**WHAT THE TASK ASKS:** Skip the pictures and write out, word for word, the lines below from the one with "Schönfeld - Weißig, Dresden, Germany" through the one with "sonnenblume mit schmetterling", inclusive.

**DATA SUPPLIED:**

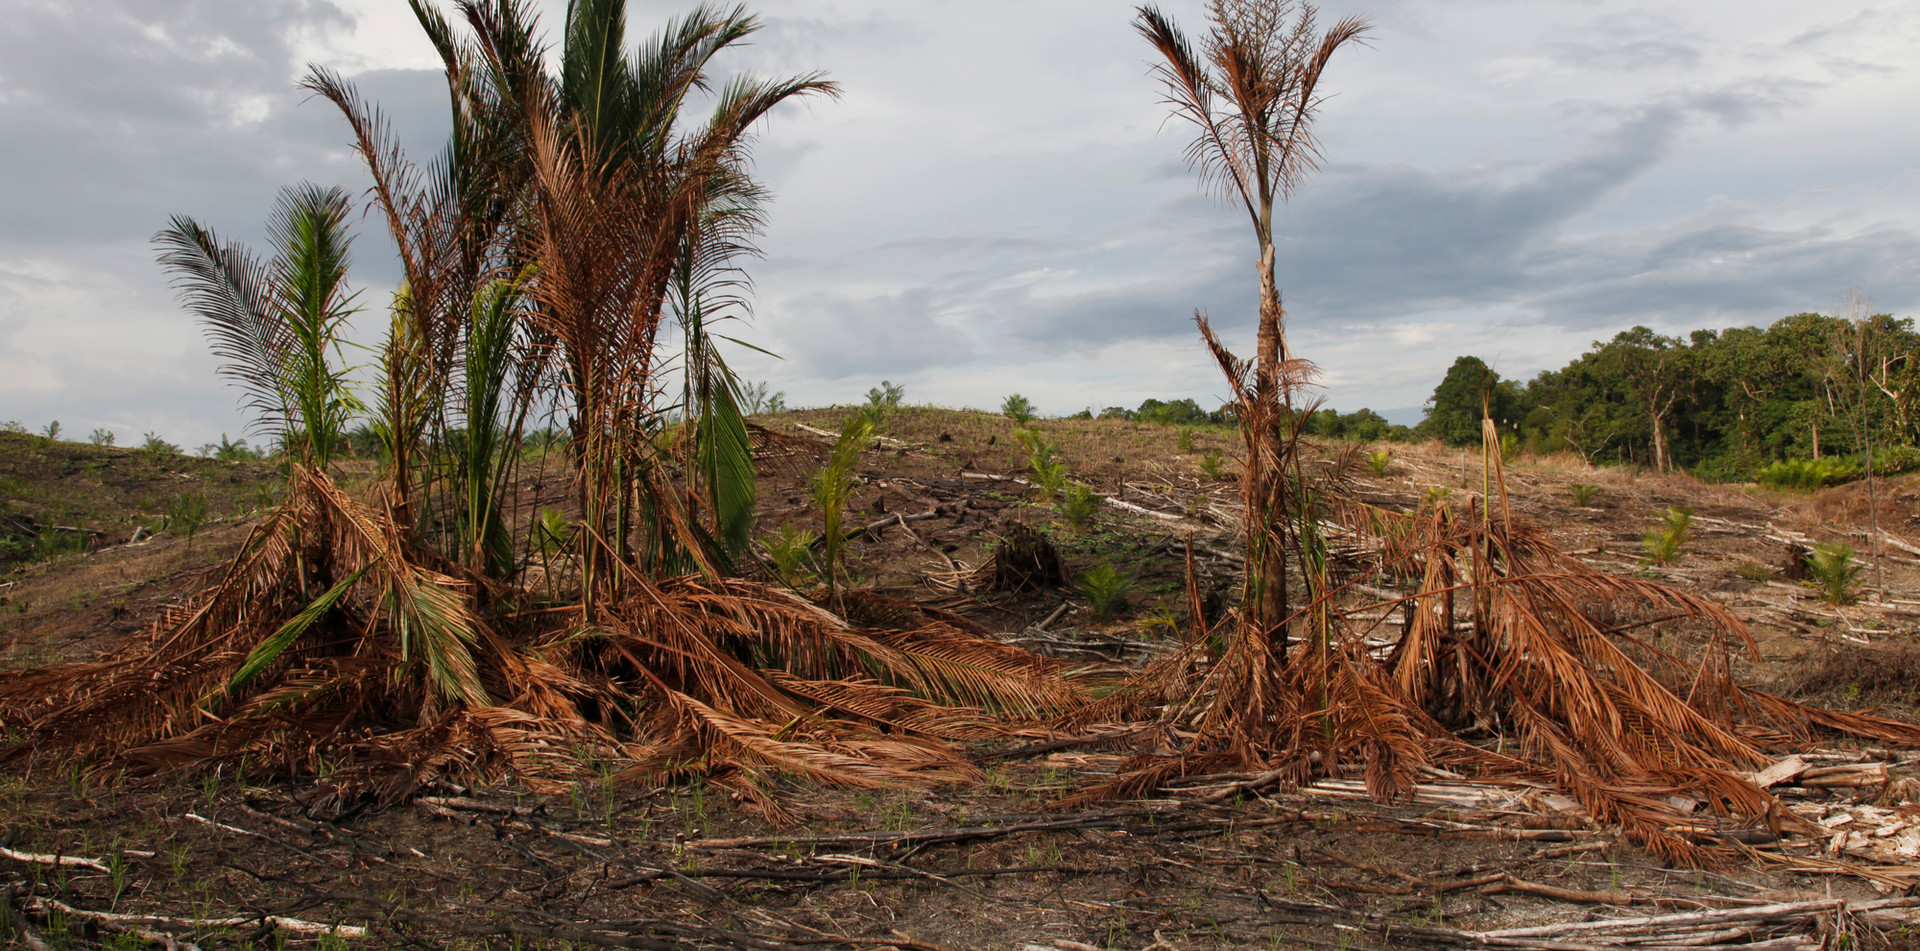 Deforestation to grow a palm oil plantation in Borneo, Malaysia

...

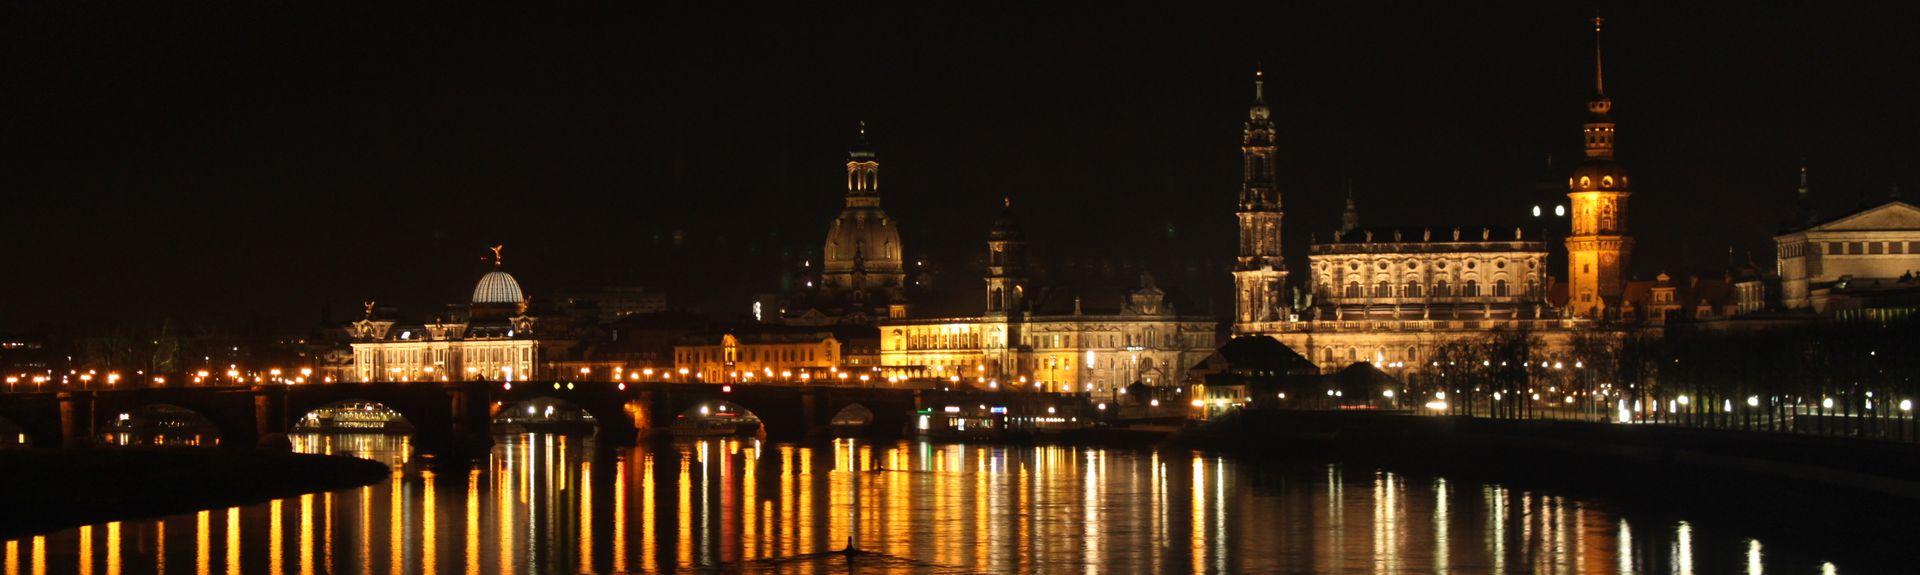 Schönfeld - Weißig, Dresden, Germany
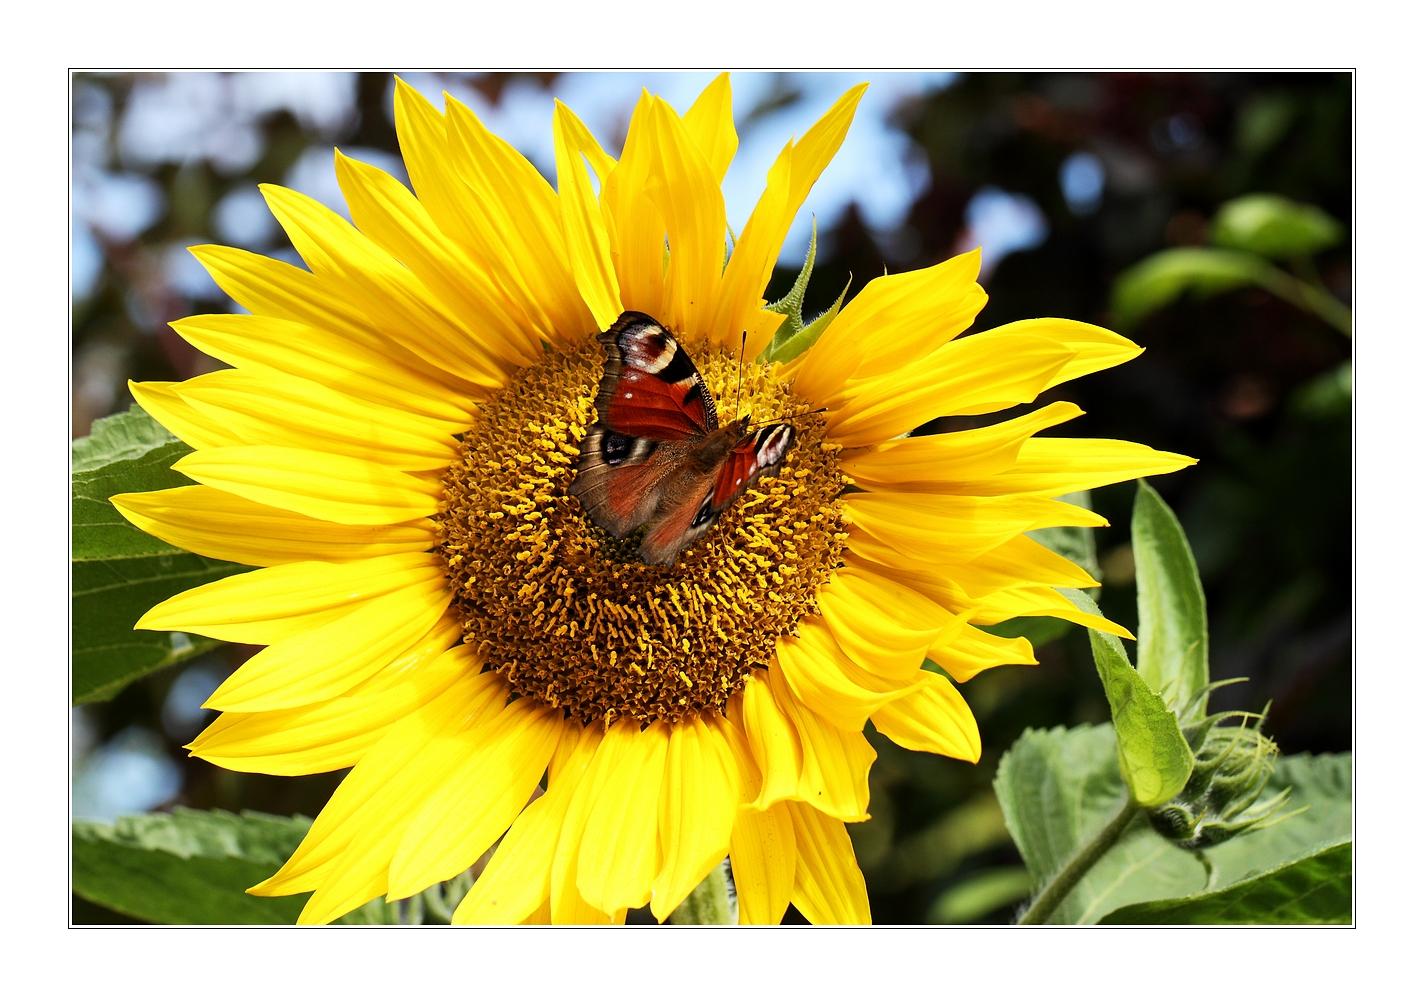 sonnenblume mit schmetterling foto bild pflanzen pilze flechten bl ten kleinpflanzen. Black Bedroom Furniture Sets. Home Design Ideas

* * *

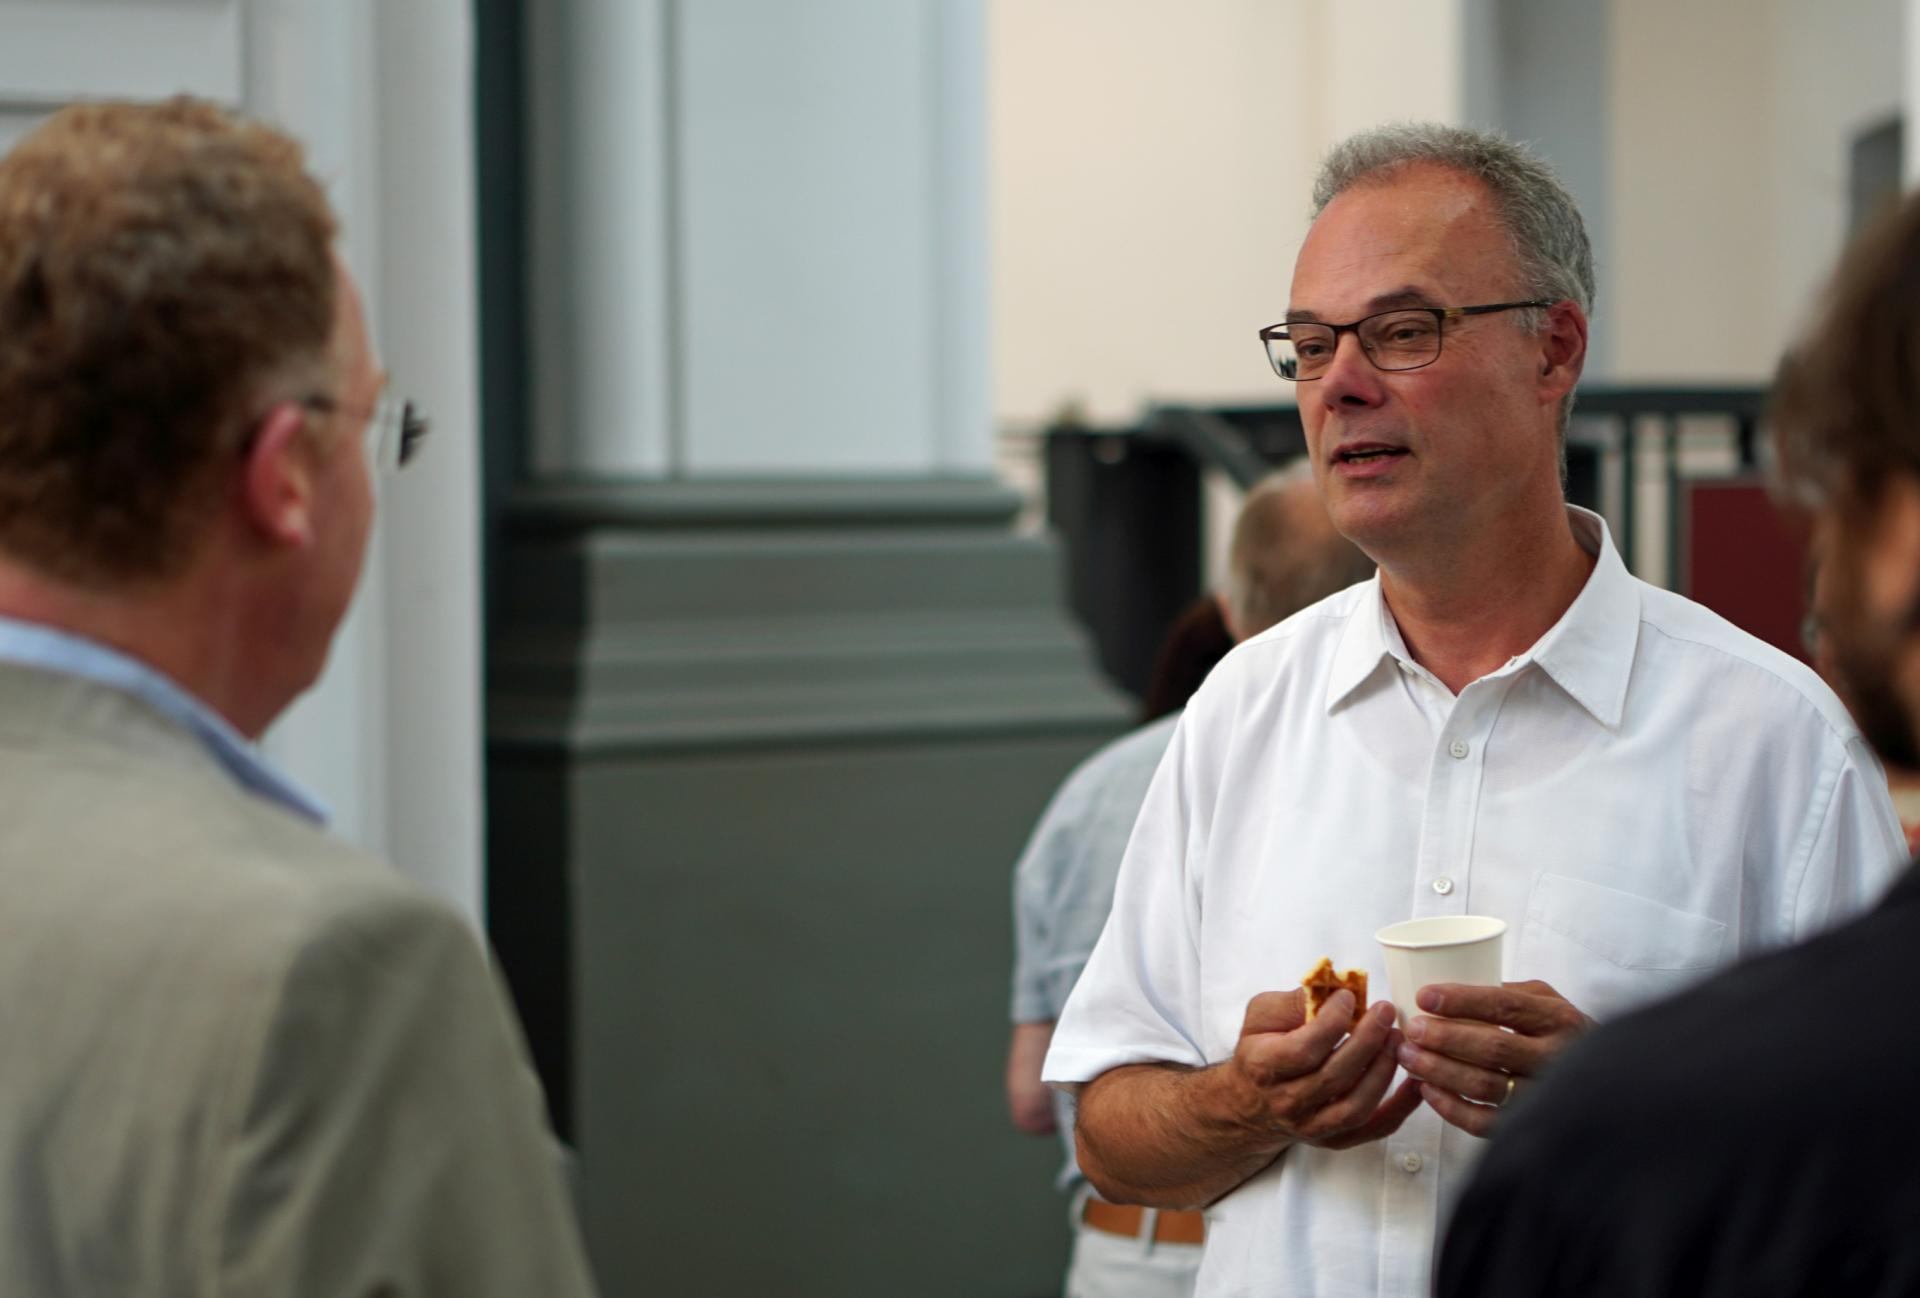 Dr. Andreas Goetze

**OUTPUT:**
 Schönfeld - Weißig, Dresden, Germany
 sonnenblume mit schmetterling foto bild pflanzen pilze flechten bl ten kleinpflanzen. Black Bedroom Furniture Sets. Home Design Ideas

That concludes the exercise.